IAXT is a quiet menu-bar app that records what Claude Code, Cursor, Aider, Codex, and Copilot actually do on your Mac: commands run, files changed, packages installed, git operations, launch agents.

No blocking. No workflow changes. No cloud upload for individuals. And not a raw log: a local audit trail that cuts through the noise to the few actions worth a look, ready to review after the coding session ends.

Get IAXT How it works
The problem

AI coding agents run commands and change files on your machine, with broad permissions and at high speed.

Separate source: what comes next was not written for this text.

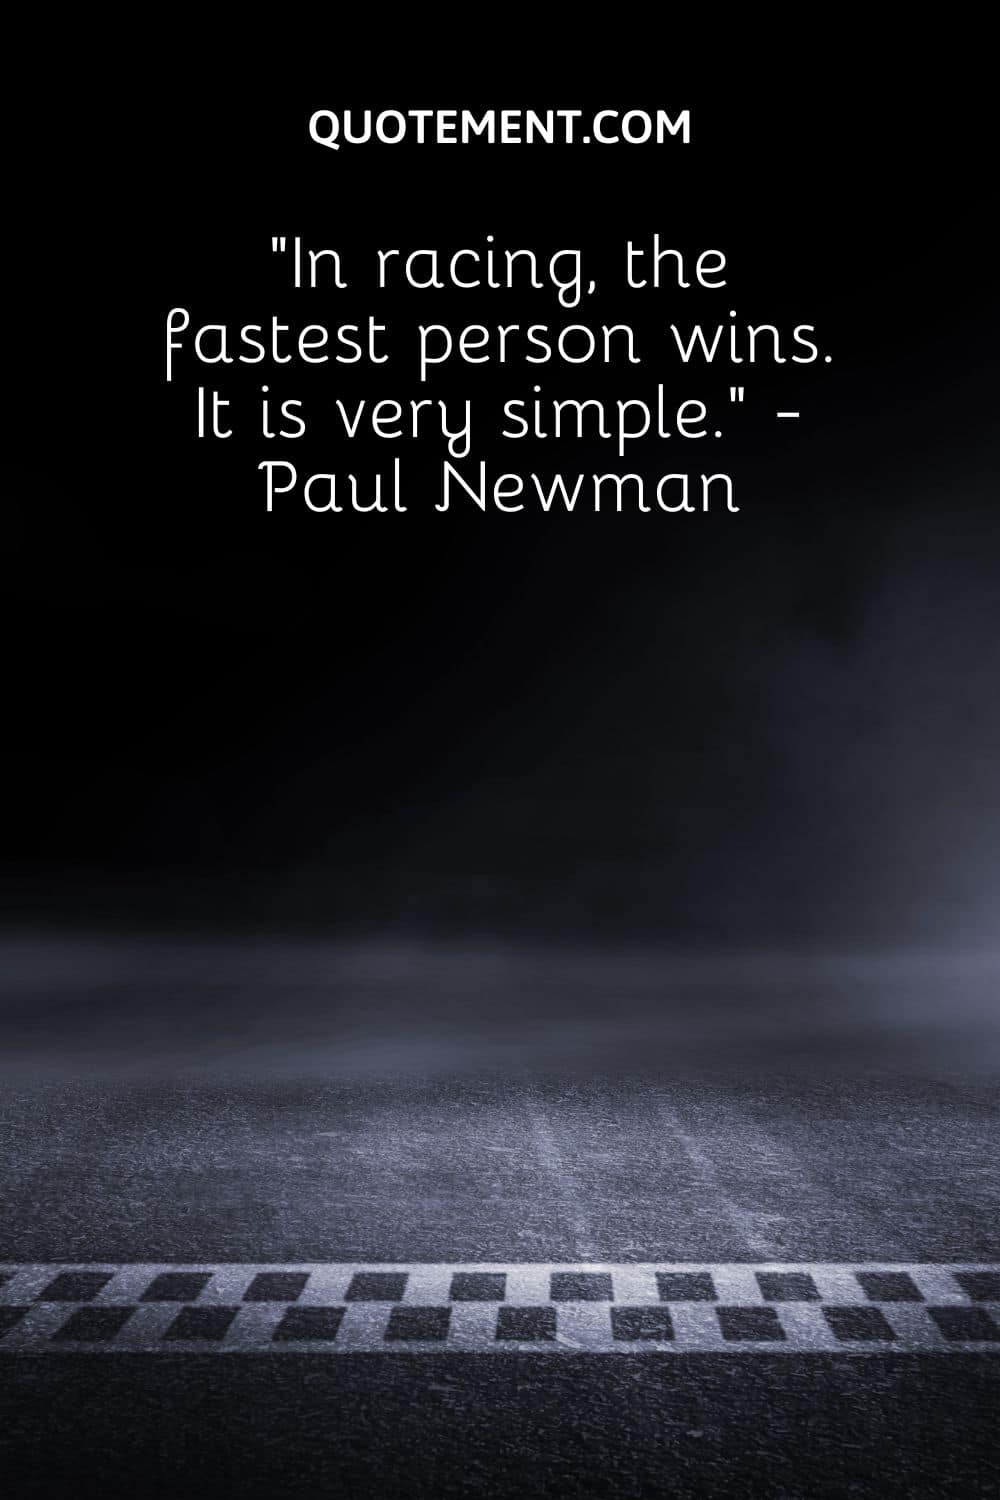 In racing, the fastest person wins. It is very simple

Two things make that hard to keep up with. Fatigue: over a long session the permission dialogs blur into an illusion of control, and most of us click through. Prompt injection: attackers now hide instructions for the AI inside ordinary text, and the attacks keep getting more frequent and more sophisticated.

IAXT doesn't block. IAXT doesn't restrict. IAXT watches, attributes, and remembers, so whether it was a tired click or a hidden instruction, you can answer the question most teams can't answer today: what did the AI actually do?

Two audiences

Who's installing
and why.

Solo developer auditing your own machine, or a founder rolling an audit trail up to the whole team. IAXT fits both, and they care about different things.

Peace of mind for
your own machine.

Install the app, go back to coding. IAXT sits in your menu bar, logs every AI agent's activity locally, and surfaces a 30-second review screen when you're done.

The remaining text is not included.